Luckily, I’ve found some kindred spirits along the way. I even know a couple who out-caution me — Silkwood showering if ever they come within 100 yards of a UPS delivery truck — but they’re few and far between. When we do discover one another, it’s like finding a fellow English speaker in the middle of a hostile, foreign land, and it’s only a matter of seconds before we start diving into our mutual disbelief-bordering-on-disdain for our less meticulous contemporaries.
Emotions are high and endurance is waning, so the thought of other people not taking coronavirus seriously is incredibly frustrating. Like the rage I feel when I walk by unmasked idiots screaming at the top of their lungs on their Bluetooth headphones, frivolously spewing all matter of germ particles into the air with reckless abandon. It’s why I’m beyond angry at the hordes of young people carelessly partying it up without a thought about the consequences for the vulnerable among us. We can’t help but be resentful when it feels like we are carrying their dead weight and it’s making it impossible for us to cross the finish line and get out of this mess.
Nowhere are these divergent viewpoints more evident than when it comes to the question of school — more specifically, whether or not buildings and campuses will open in the fall. There seems to be a Sharks vs. Jets divide brewing between parents intent on a reopening and those advocating for remote learning. As you might’ve guessed, I happen to be in the latter camp, and I definitely feel a sense of judgment from those on the other side of the issue. The divide only seems to deepen as the fall draws nearer.

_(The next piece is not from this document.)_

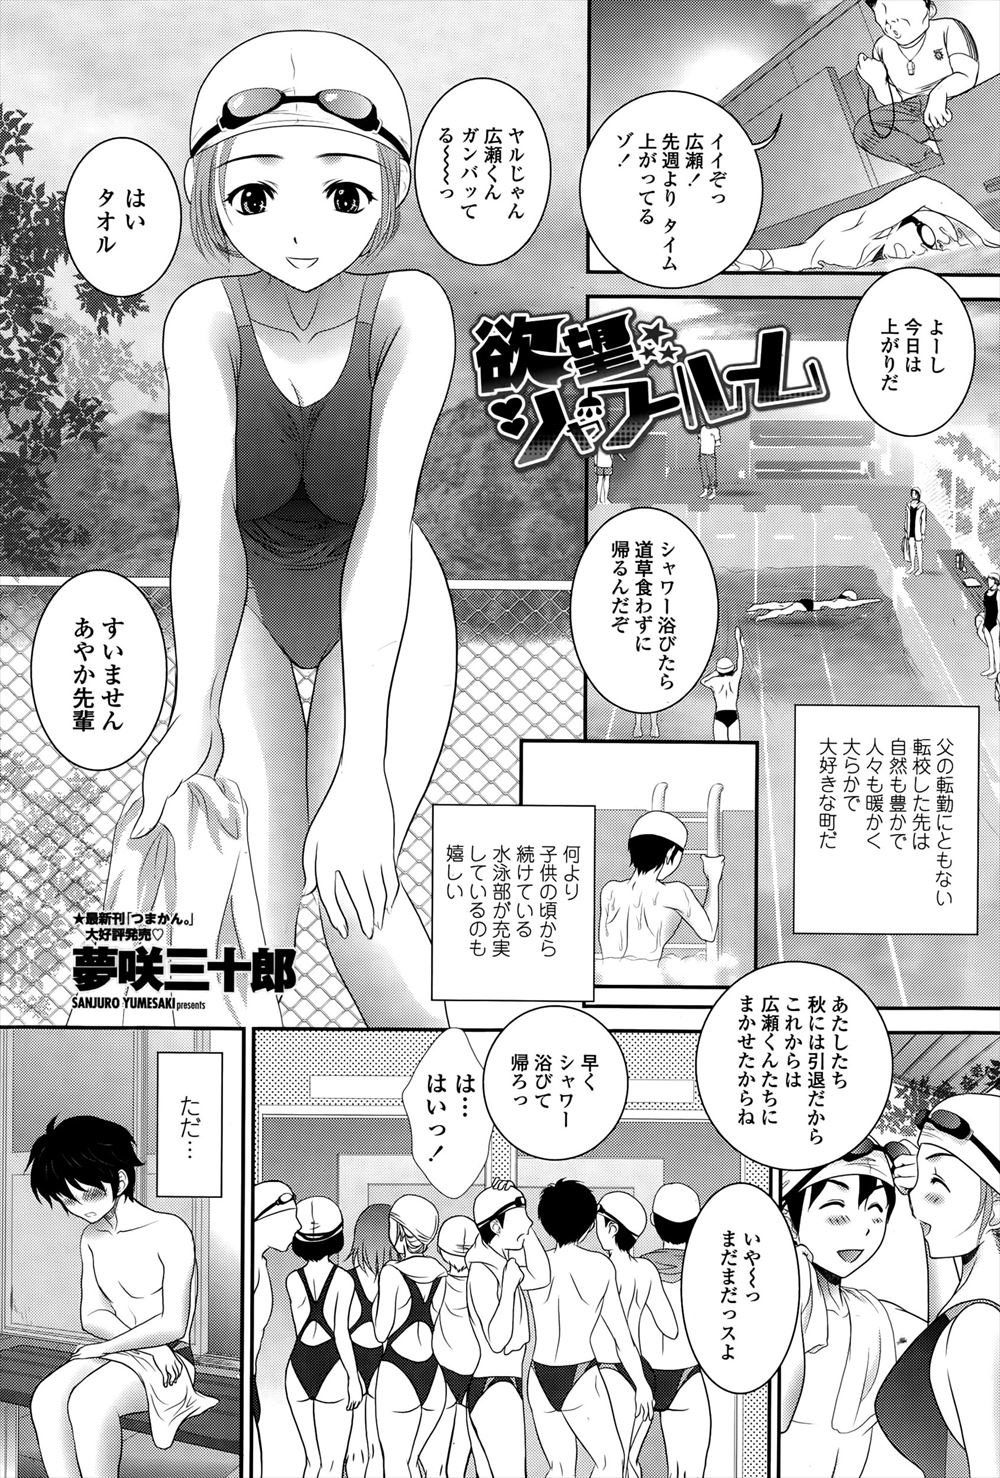 【エロ漫画】転校してきた田舎の学校のプールのシャワールームが男女共同で、勃起してしまった男子が大好きな先輩たちに巨根ちんぽを気に入られハーレムセックスでヌイてもらったｗ
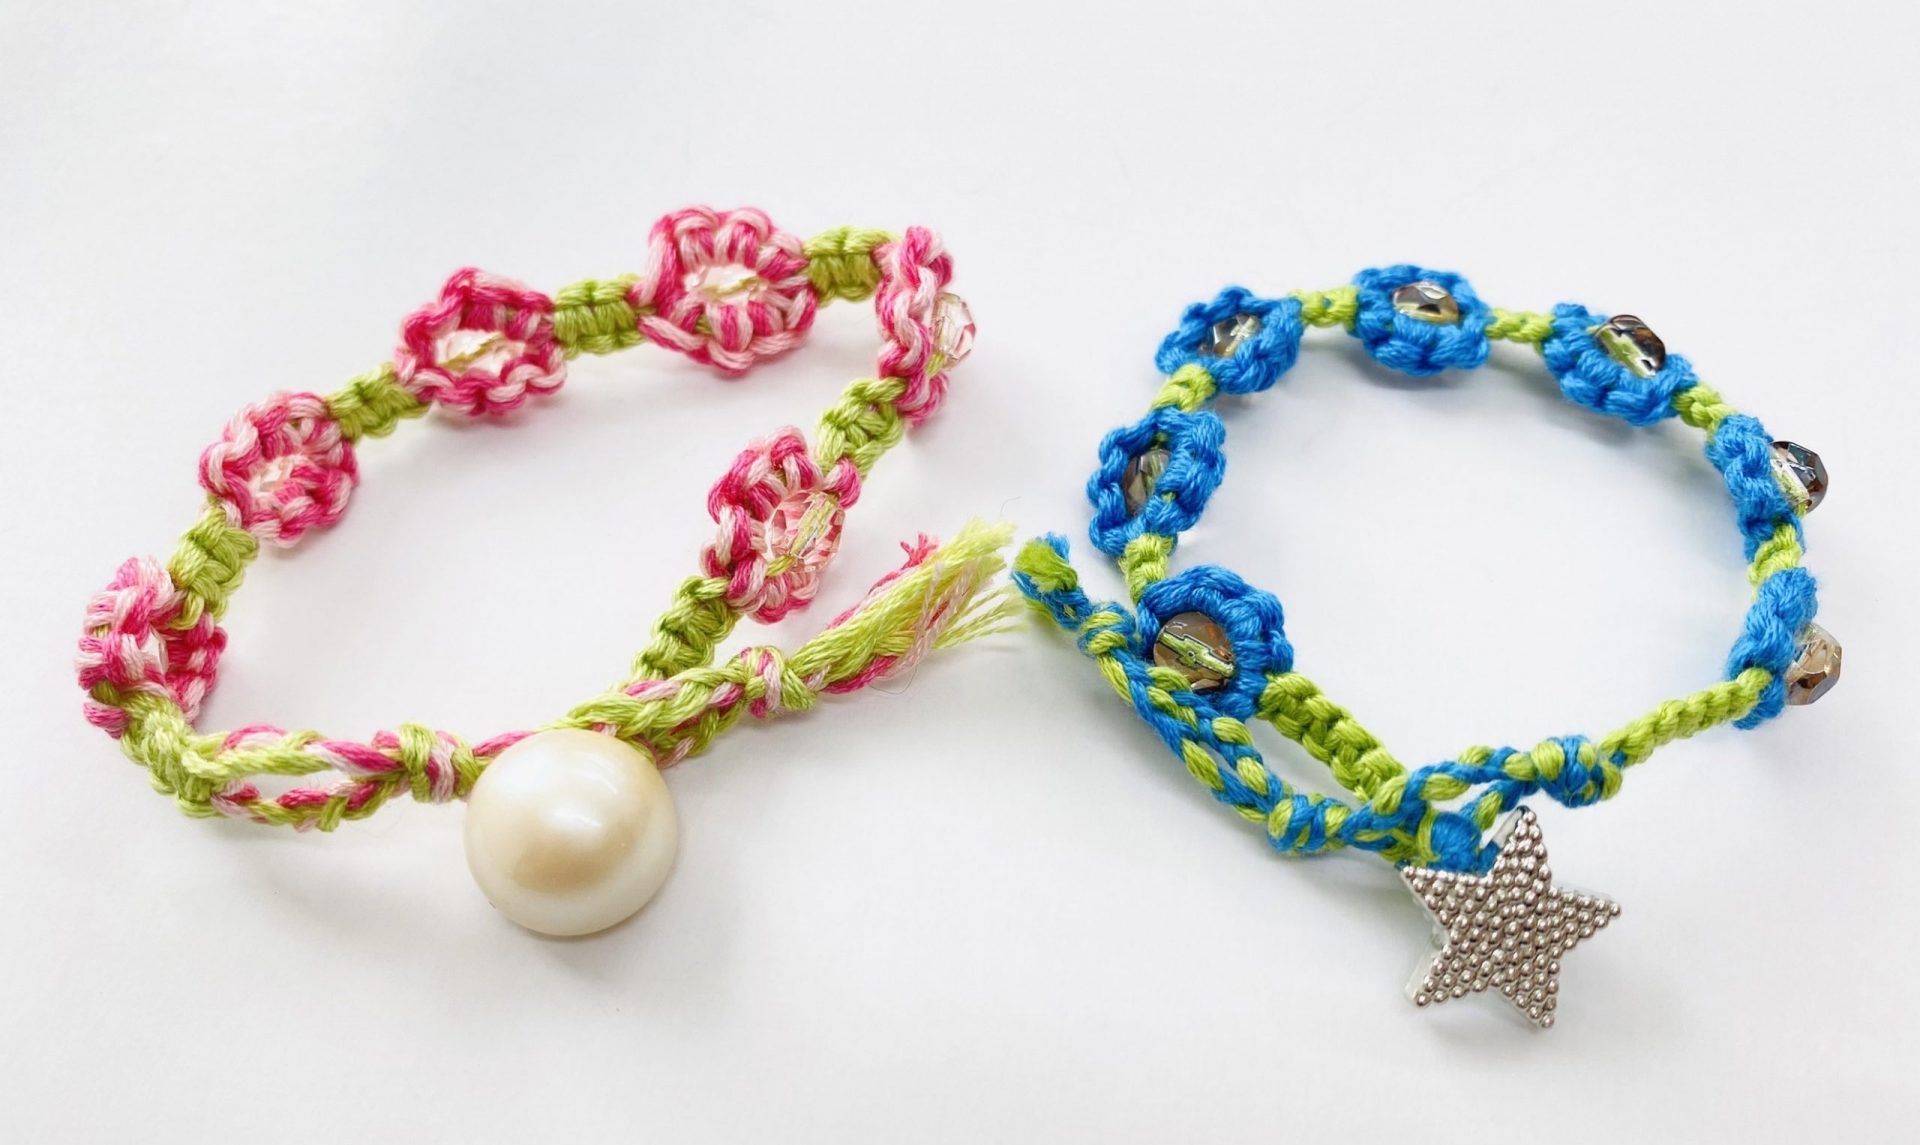 
刺繍糸で花冠のように編んだ一品。Kids用もあるので、ぜひ親子でペアルックにいかがでしょうか。

So, when my daughter’s Jewish day school laid out their reopening plans at the last parent town hall two weeks ago, my head nearly exploded. I would’ve assumed that, as Jews, we’d all be on the same risk-averse page, but I was wrong. I vaguely remember hearing about pods, temperature checks, testing protocols, and deep cleaning. There was something about UV Rays, and a magical germ-removing carpet — but as my anxiety swelled I sort of checked out. I began to imagine my 6-year-old having to navigate this new landscape and all of the draconian measures necessary to maintain a safe educational environment and it all felt insane. Meanwhile, the chat window was blowing up with happy faces, thumbs up, and exclamation points. Clearly, the gulf is wide.

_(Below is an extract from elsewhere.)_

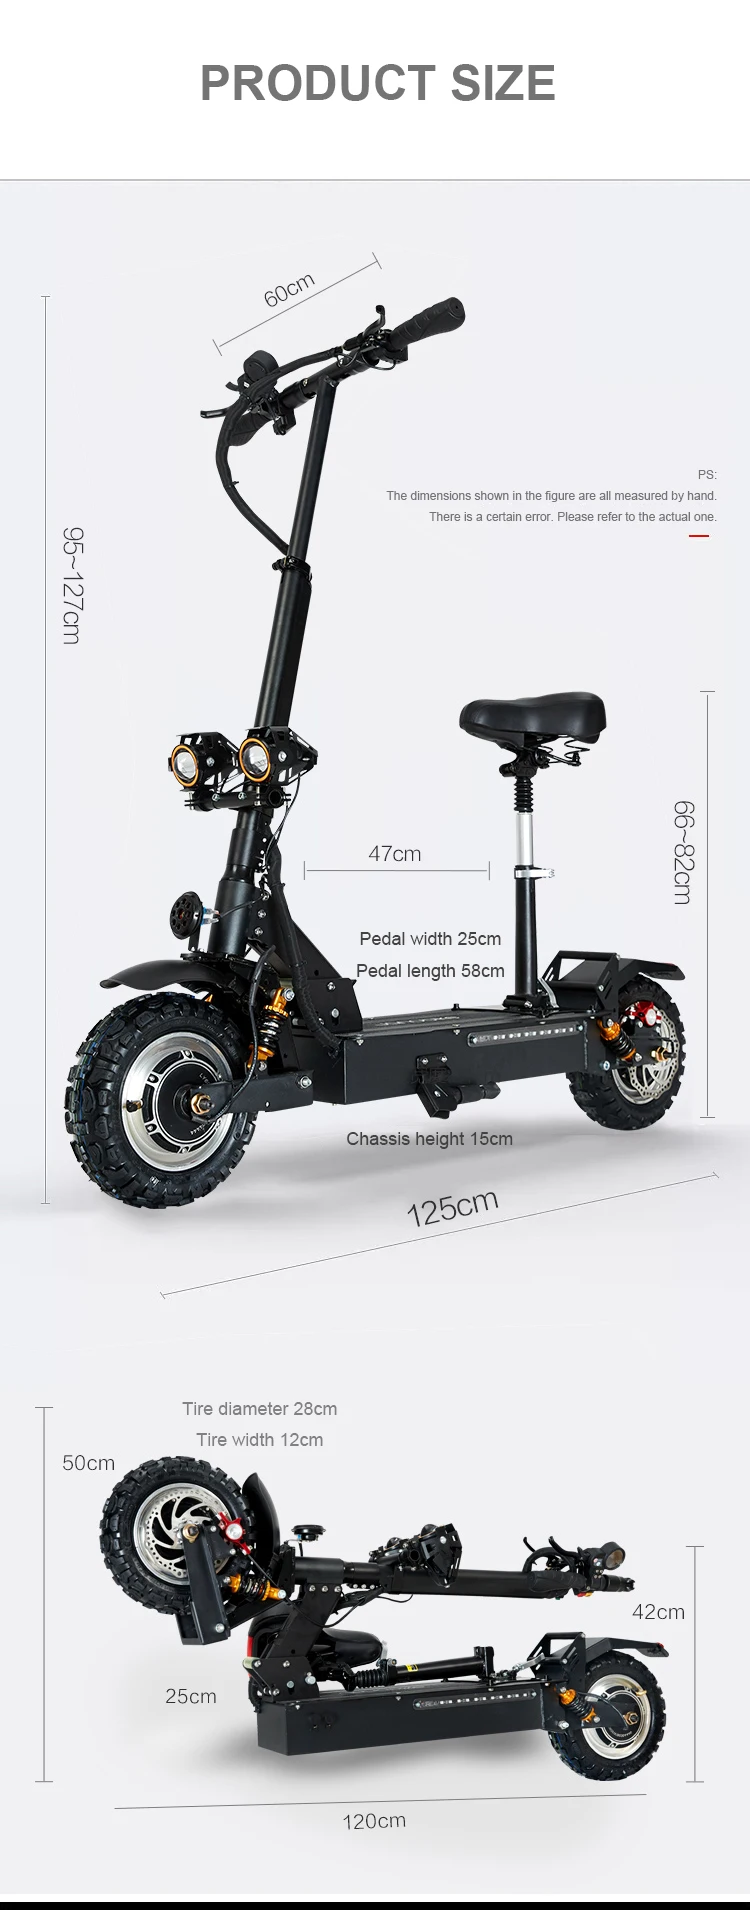 Elctric скутер 60V3200w передний задний двойной привод внедорожный электрический скутер ebike максимум 85 км/ч складной электровелосипед

I completely understand that some people have no choice but to opt for in-person learning, due to financial, professional, or a host of other reasons. And if the numbers continue to soar, it’s possible that the school question might very well end up being a moot point. In any case, our kids are going to have to see their friends in some form or another in the not-so-distant future, and we are going to have to figure out how to make that happen as safely and devoid of anxiety as possible — even though the risk tolerance of our parent pool runs the gamut from near shut-ins (us) to people who share guacamole at barbecues.

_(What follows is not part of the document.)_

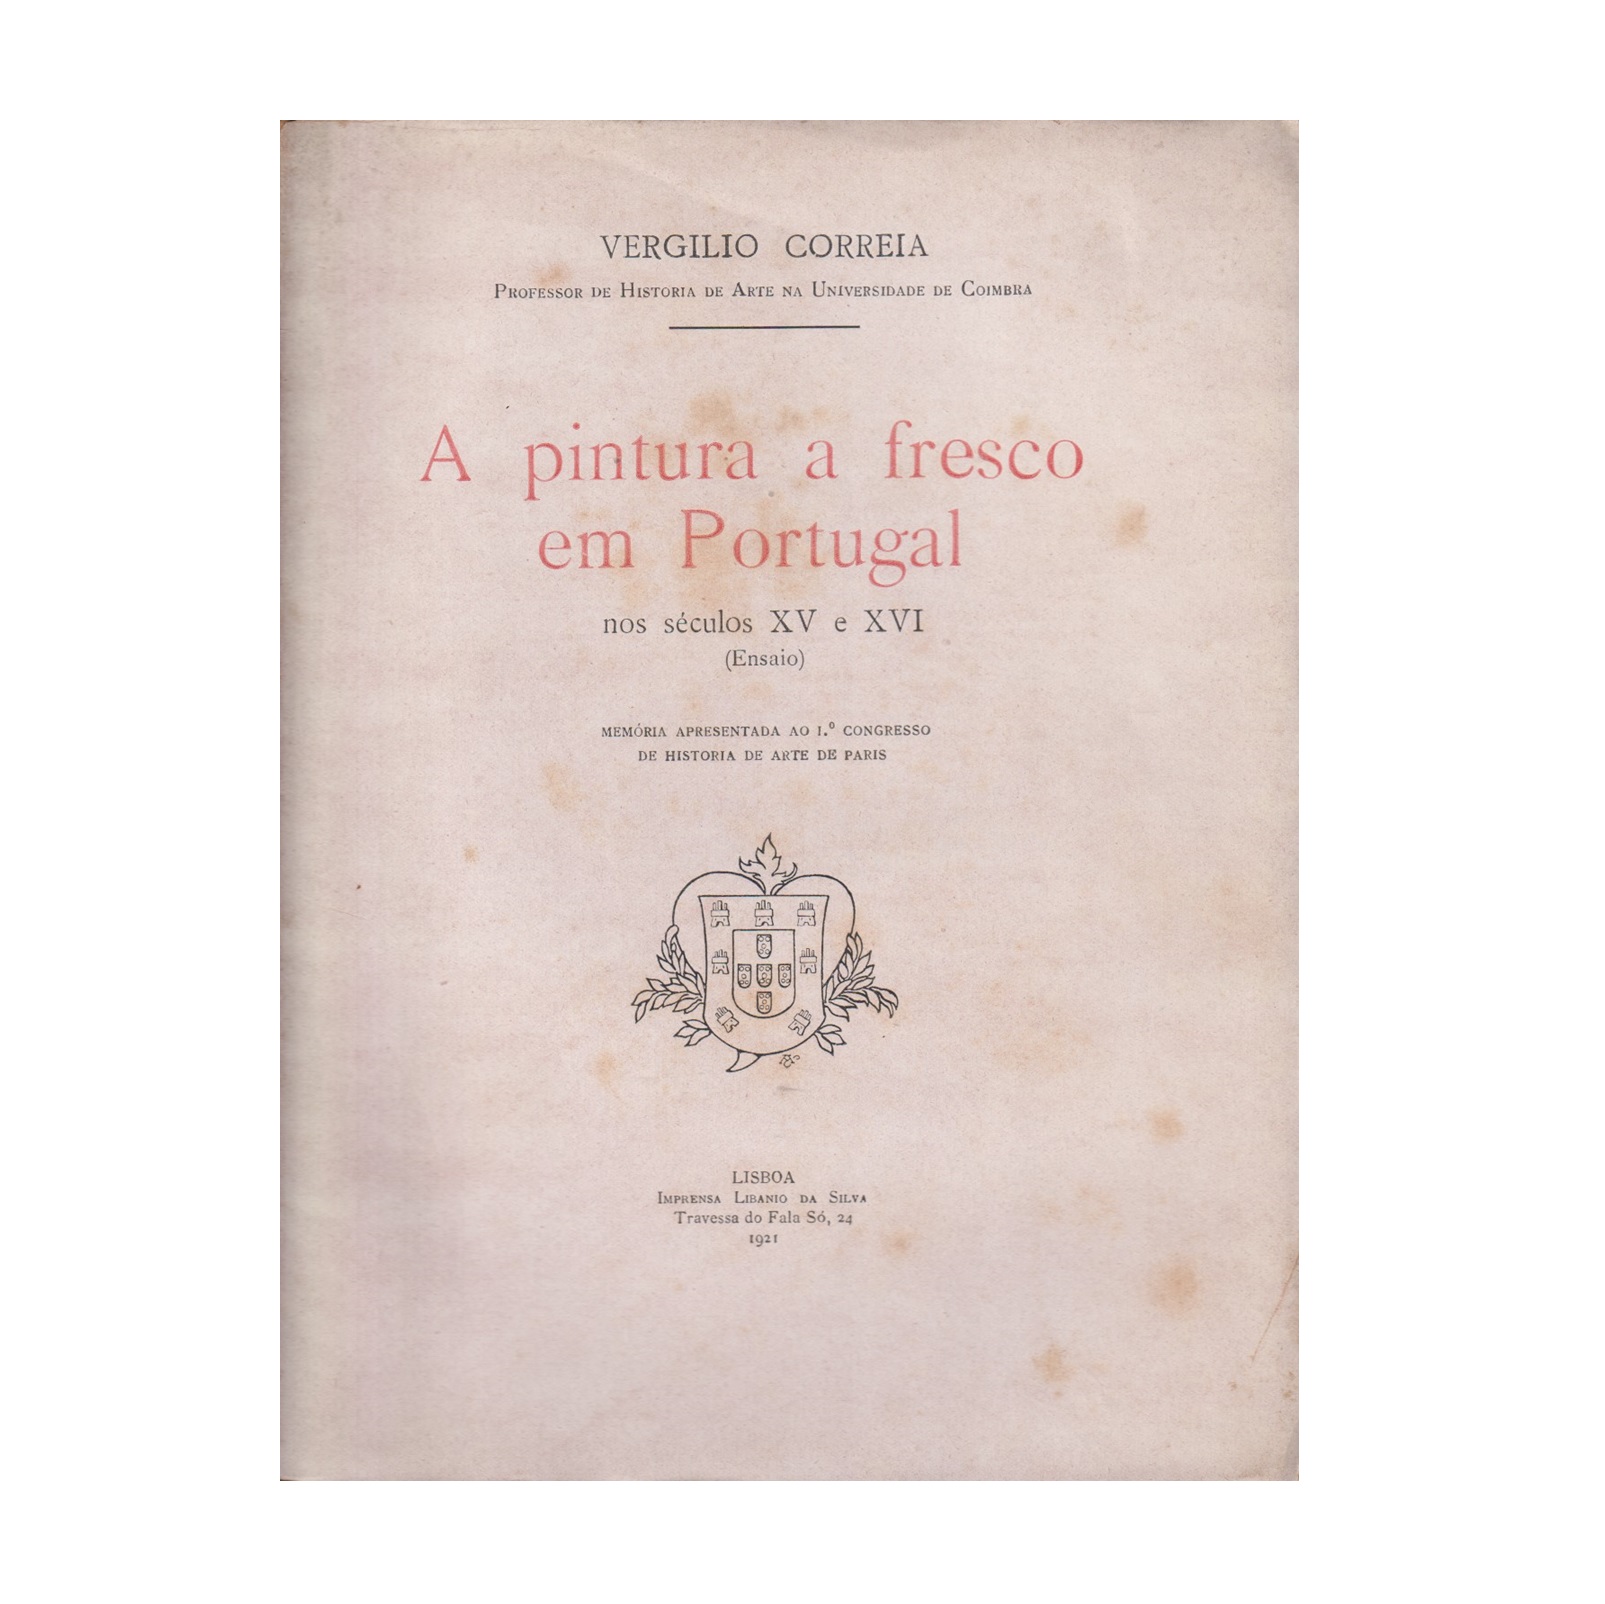  A PINTURA A FRESCO EM PORTUGAL NOS SÉCULOS XV E XVI

Just as we will eventually have to unlearn the Covid-induced instinct to immediately dodge out of the path of an oncoming pedestrian, we will also have to figure out how to regain our social sea legs. Every parent may be handling this differently, but we all love our kids and, ultimately, we are in this together. I guess the best we can hope for is that we come out of this alive, largely unscathed, and with most of our friendships still intact. I cannot wait for that day to come. In the meantime, I’ve got to go wipe down some groceries.